Rabu, 05 November 2008

Demam Obama

Demam Obama

Cover GATRA Edisi 52/2008 (GATRA/Tim Desain)Demam Obama dalam sekejap berubah menjadi ajang pembuktian. Mampukah ia mewujudkan mimpi Amerika: bangkit dari keterpurukan? Pada saat bersamaan, dunia juga menyaksikan akhir arogansi George W. Bush. Koboi Texas itu akan meninggalkan Gedung Putih dengan kenangan buruk.

Rata-rata, berdasarkan sejumlah jajak pendapat nasional, Obama unggul 50% ketimbang McCain yang mendapat dukungan 44%. Jajak pendapat di sejumlah negara justru menempatkan Obama makin jauh meninggalkan McCain: 70% di Jerman, 75% di Cina, dan rata-rata di atas 70% di sejumlah negara Nordic. Di Inggris, popularitas Obama juga meningkat tajam, dari 13% pada Mei lalu menjadi 62% pada bulan Oktober.

''Obamania'' melanda dunia. Di negara-negara Timur Tengah, seperti Mesir, Arab Saudi, dan Uni Emirat Arab, Obama pun mendapat dukungan lebih dari 50%. ''Petualangan Obama-lah yang membuat Amerika menjadi daya tarik,'' ujar Rama Yade, seperti dikutip Newsweek. Yade adalah imigran asal Senegal yang bekerja di Kementerian Luar Negeri Prancis dan menjadi satu-satunya orang kulit hitam dalam pemerintahan Nicolas Sarkozy. Menurut Yade, Obama telah berubah menjadi kandidat dunia, tempat banyak orang menaruh harapan besar terjadinya perubahan dunia.

Menurut Jonathan Freedland, kolomnis The Guardian di London, masa tujuh tahun kekuasaan George W. Bush menjadi pelajaran berharga bagi masyarakat internasional. Krisis ekonomi, dua peperangan, dan sejumlah kompleksitas politik yang menjerat dunia mendorong warga dunia peduli pada presiden yang memberi harapan perubahan. ''Dalam sebuah dunia yang telah mengalami globalisasi, Presiden Amerika juga menentukan kehidupan di seluruh dunia. Dia presiden kita juga,'' kata Constanze Stelzenmuller, Direktur German Marshall Fund, yang berkantor di Berlin, seperti dikutip Newsweek.

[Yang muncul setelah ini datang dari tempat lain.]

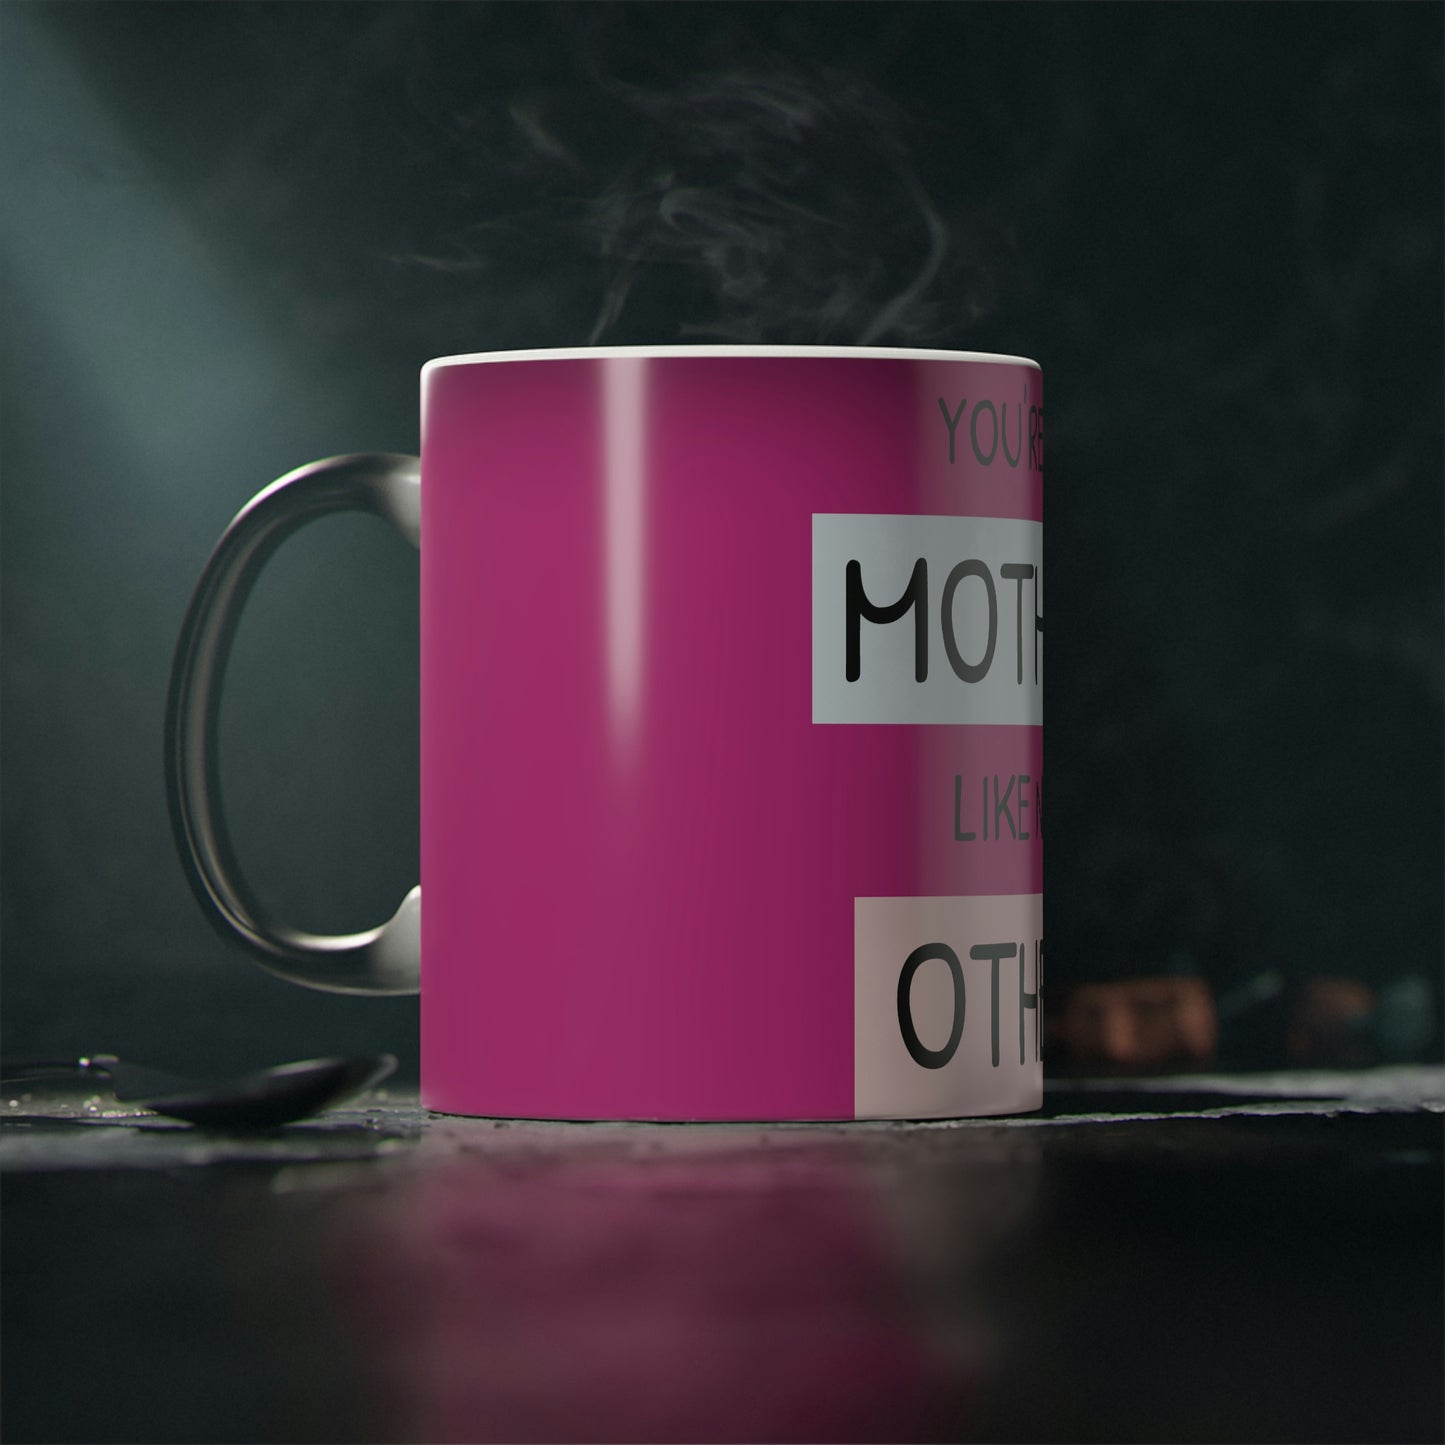 Magic Mug "You're a Mother Like no Other"

Hadirnya sosok Obama sedikit mengurangi arogansi Amerika, seperti harapan masyarakat internasional. Ahmed Benchemsi, editor pada dua majalah berita mingguan berbahasa Prancis dan Arab di Maroko, mengungkapkan hal itu. ''Presiden Amerika selalu mengklaim menjadi pemimpin dunia, dan kami tidak menyukai arogansi itu,'' kata Benchemsi. ''Sedangkan Obama dapat mengatakan hal itu, dan kami tidak masalah dengan hal tersebut,'' ia menambahkan.

Nizar Al-Kortas, kolomnis harian Al-Anbaa, Kuwait, seperti dilaporkan AP Rabu lalu, melihat kemenangan Obama sebagai langkah perubahan paling bersejarah pada abad ini. Yakni, dari wajah Pemerintah Amerika yang arogan menjadi negara yang lebih bisa diterima dunia. Obama menjadi idola dunia karena sosoknya menjadi personifikasi perubahan itu sendiri. Vernon Bogdanor, profesor ilmu pemerintahan di Oxford University, mengatakan bahwa Obama telah membangkitkan harapan akan pemimpin progresif yang dapat memperbaiki kepemimpinan moral Amerika.

Menurut David Lammy, pejabat Kementerian Negara Inggris untuk Pendidikan Tinggi, gerakan perubahan Obama berpotensi melintasi batas-batas Amerika, memberikan kepadanya jangkauan yang belum pernah terjadi pada para pemimpin dunia sebelumnya. Keberanian menaruh harapan telah dilakukan banyak orang pada sosok Obama. Kini dampak pragmatis terpilihnya Obama banyak dinanti orang.

Kemenangan Obama tampaknya tidak otomatis akan menempatkan Indonesia dalam skala prioritas kebijakan Washington di Asia. Indonesia baru diperhitungkan dunia kalau benar-benar mampu merumuskan kedaulatan, potensi, dan kepentingan nasionalnya. Dunia berharap, arogansi Amerika berkurang. Obama menjadi tumpuan perubahan.